[DATASET RECORDS]
[Start of section]

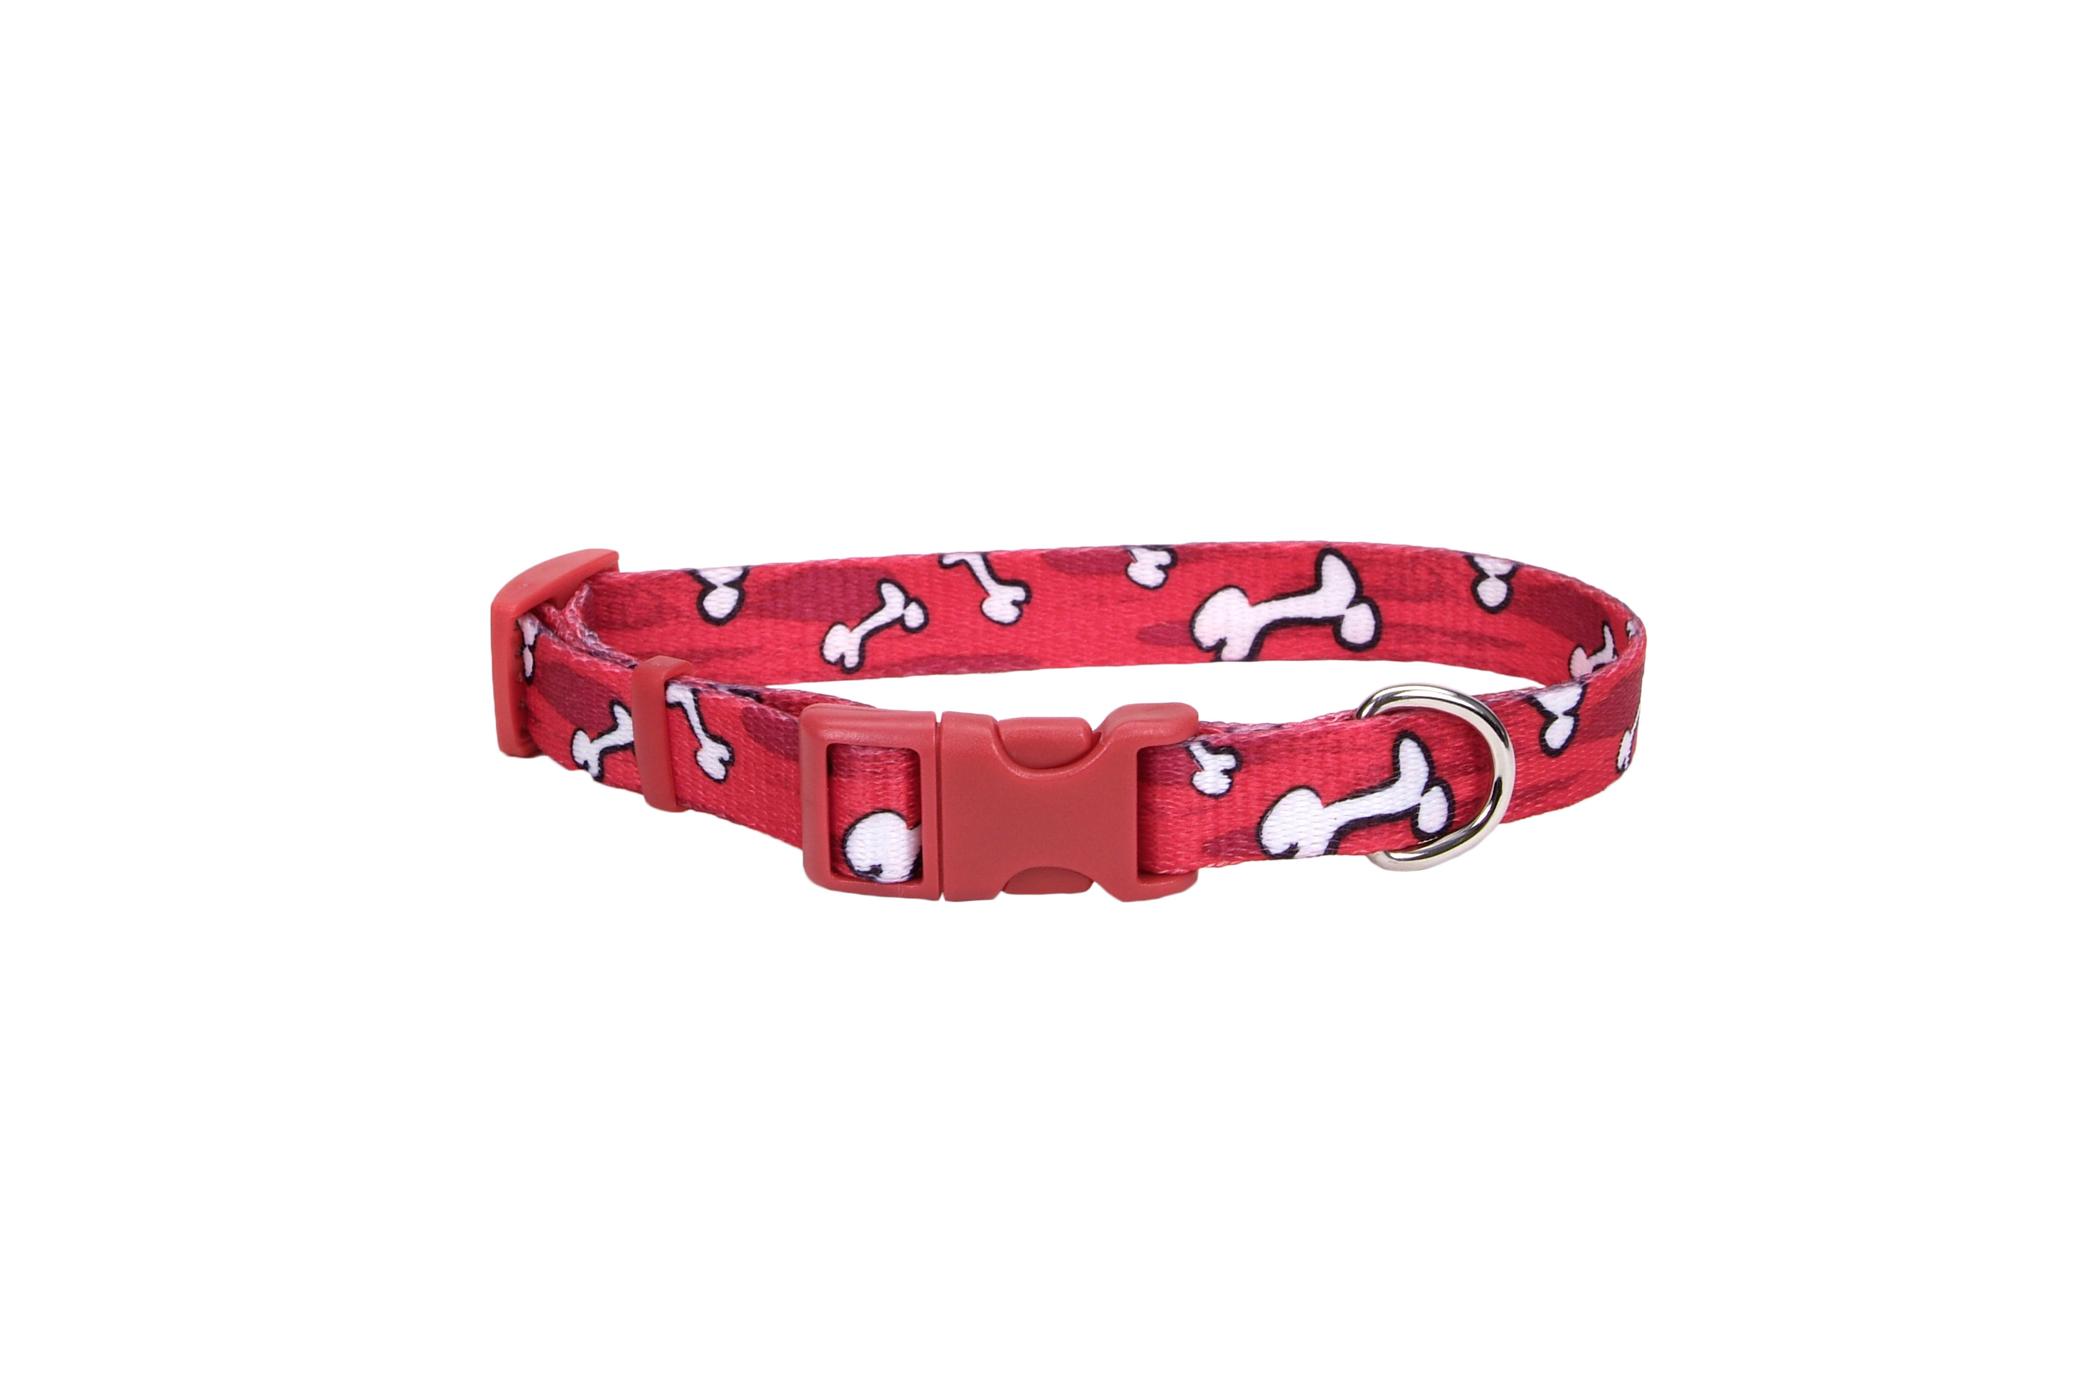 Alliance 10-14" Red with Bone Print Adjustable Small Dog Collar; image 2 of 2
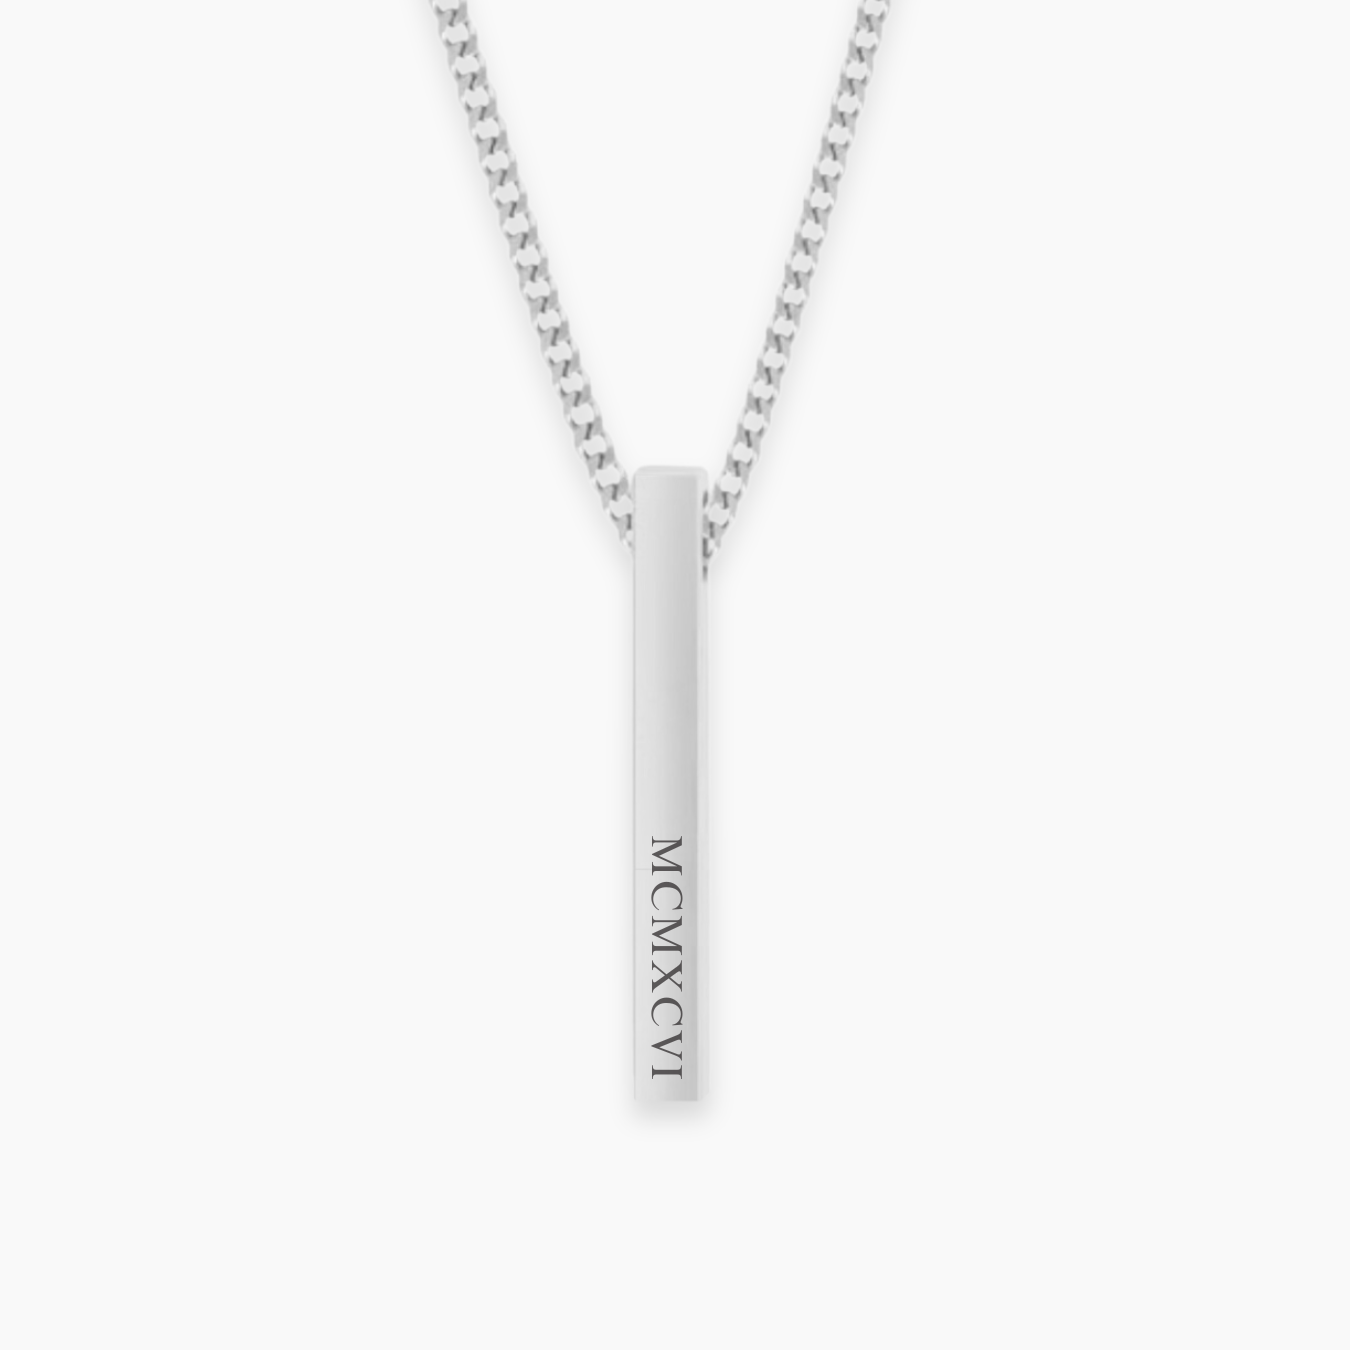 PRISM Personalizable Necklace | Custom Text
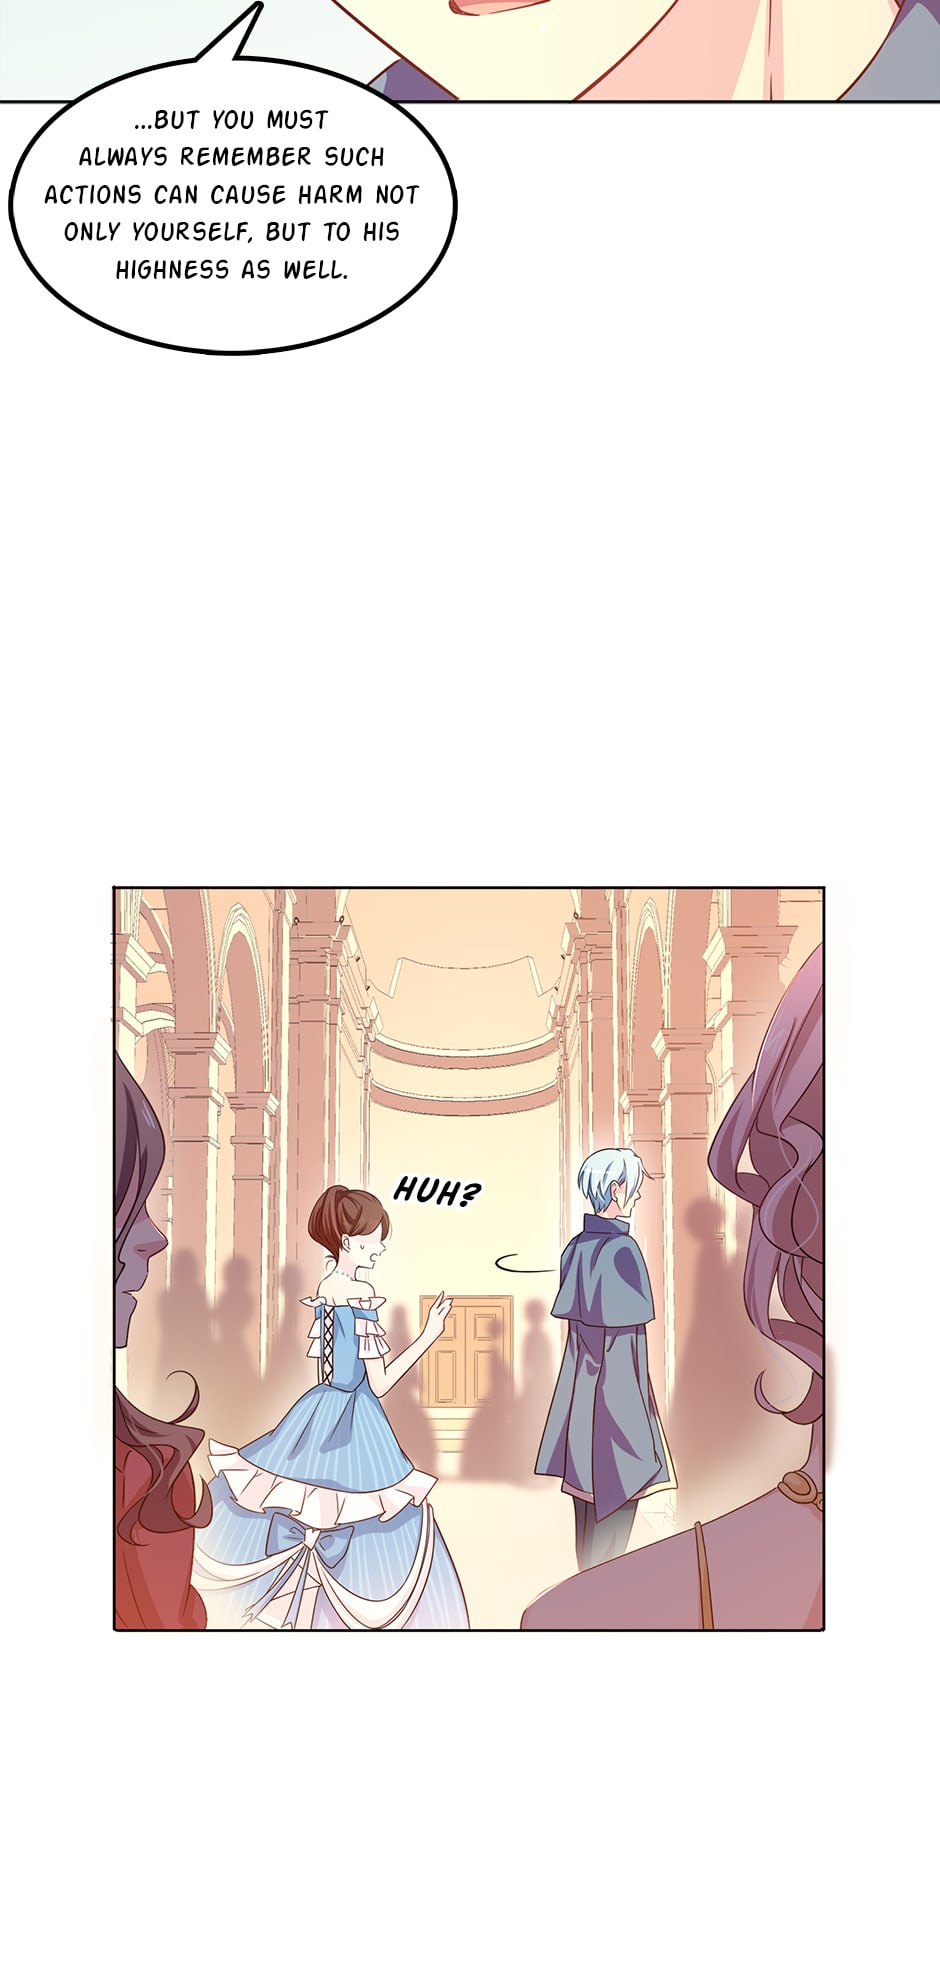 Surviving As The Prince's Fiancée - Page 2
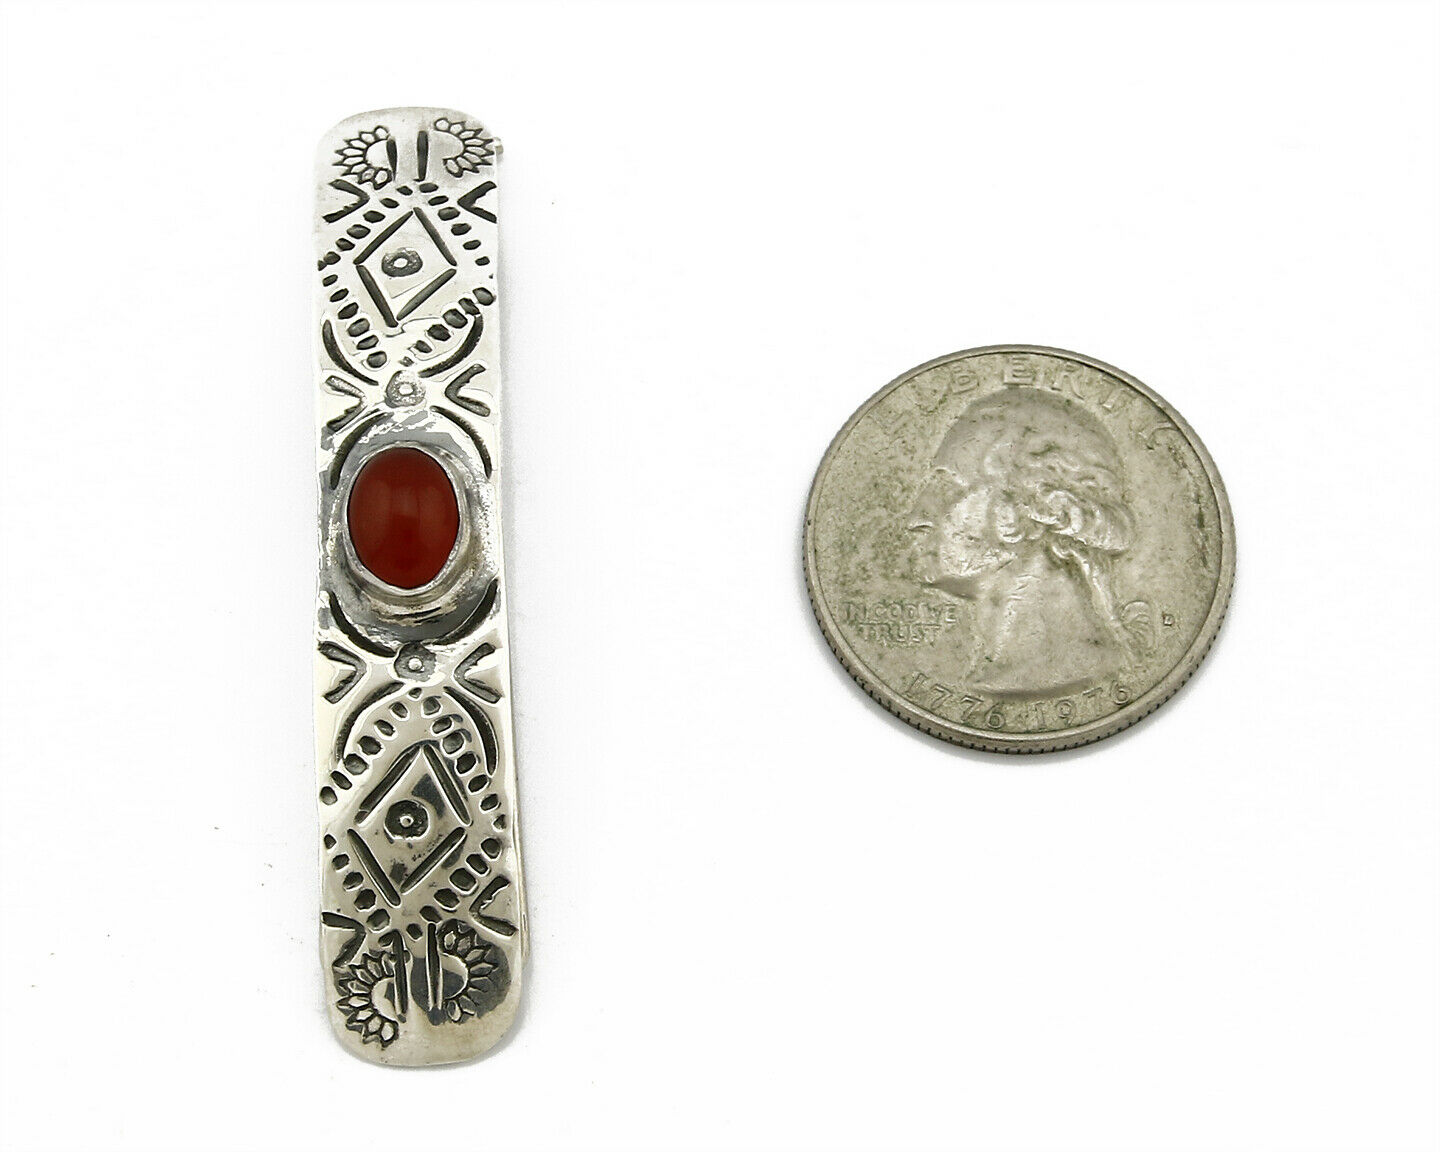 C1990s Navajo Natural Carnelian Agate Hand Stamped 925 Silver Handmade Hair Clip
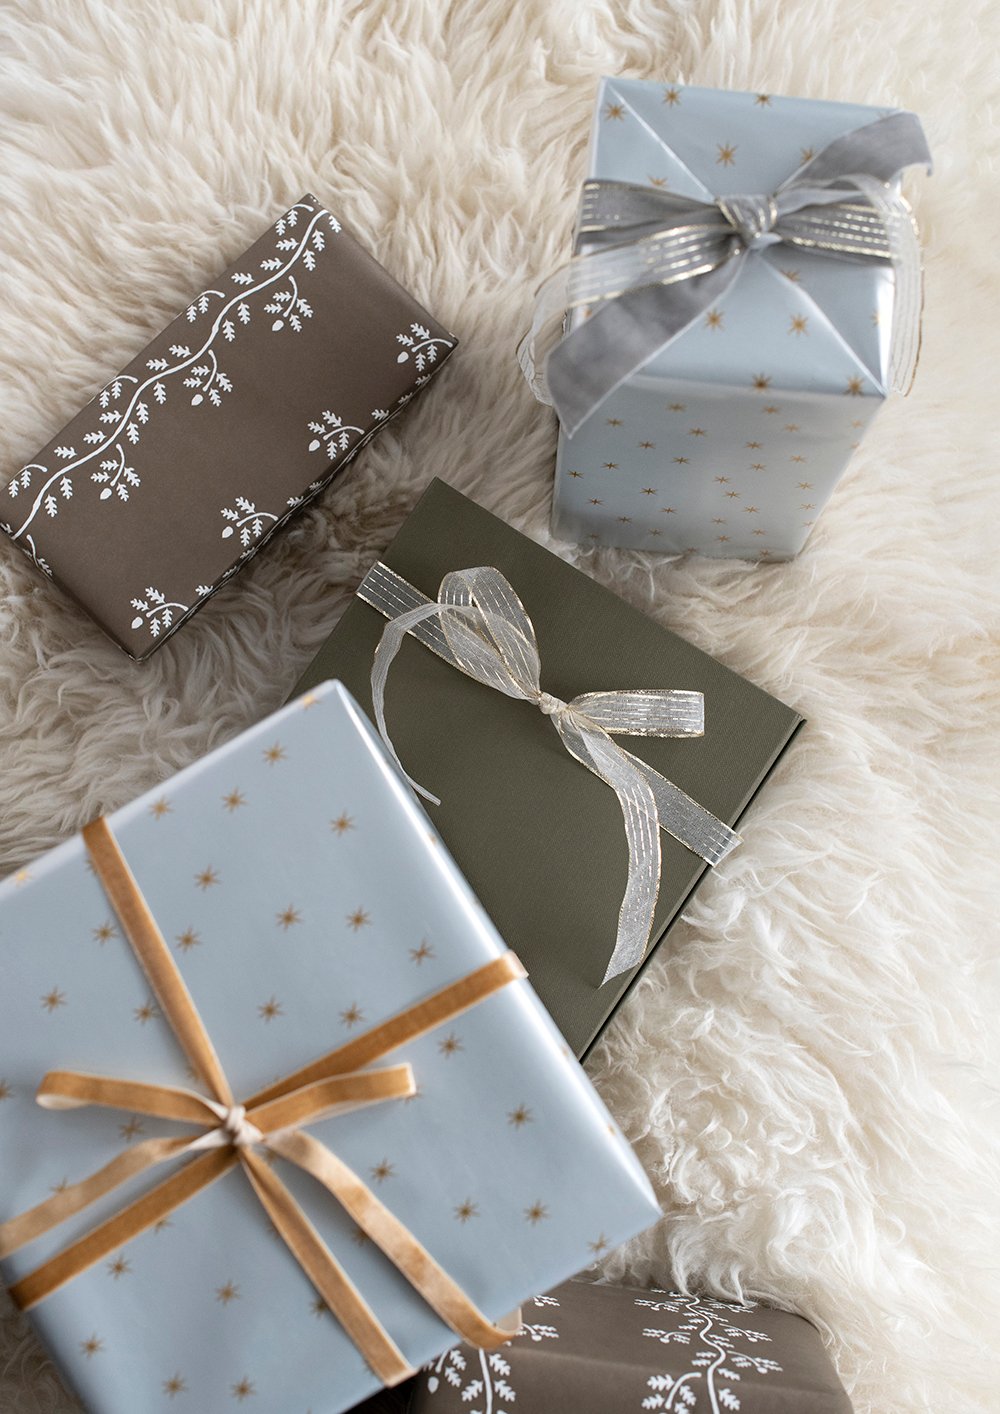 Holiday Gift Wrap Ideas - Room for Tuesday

[End of section]

Exact repetition of the data is needed, with no images retained.

 Alliance 10-14" Red with Bone Print Adjustable Small Dog Collar; image 2 of 2
 PRISM Personalizable Necklace | Custom Text
 Surviving As The Prince's Fiancée - Page 2
 C1990s Navajo Natural Carnelian Agate Hand Stamped 925 Silver Handmade Hair Clip
 Holiday Gift Wrap Ideas - Room for Tuesday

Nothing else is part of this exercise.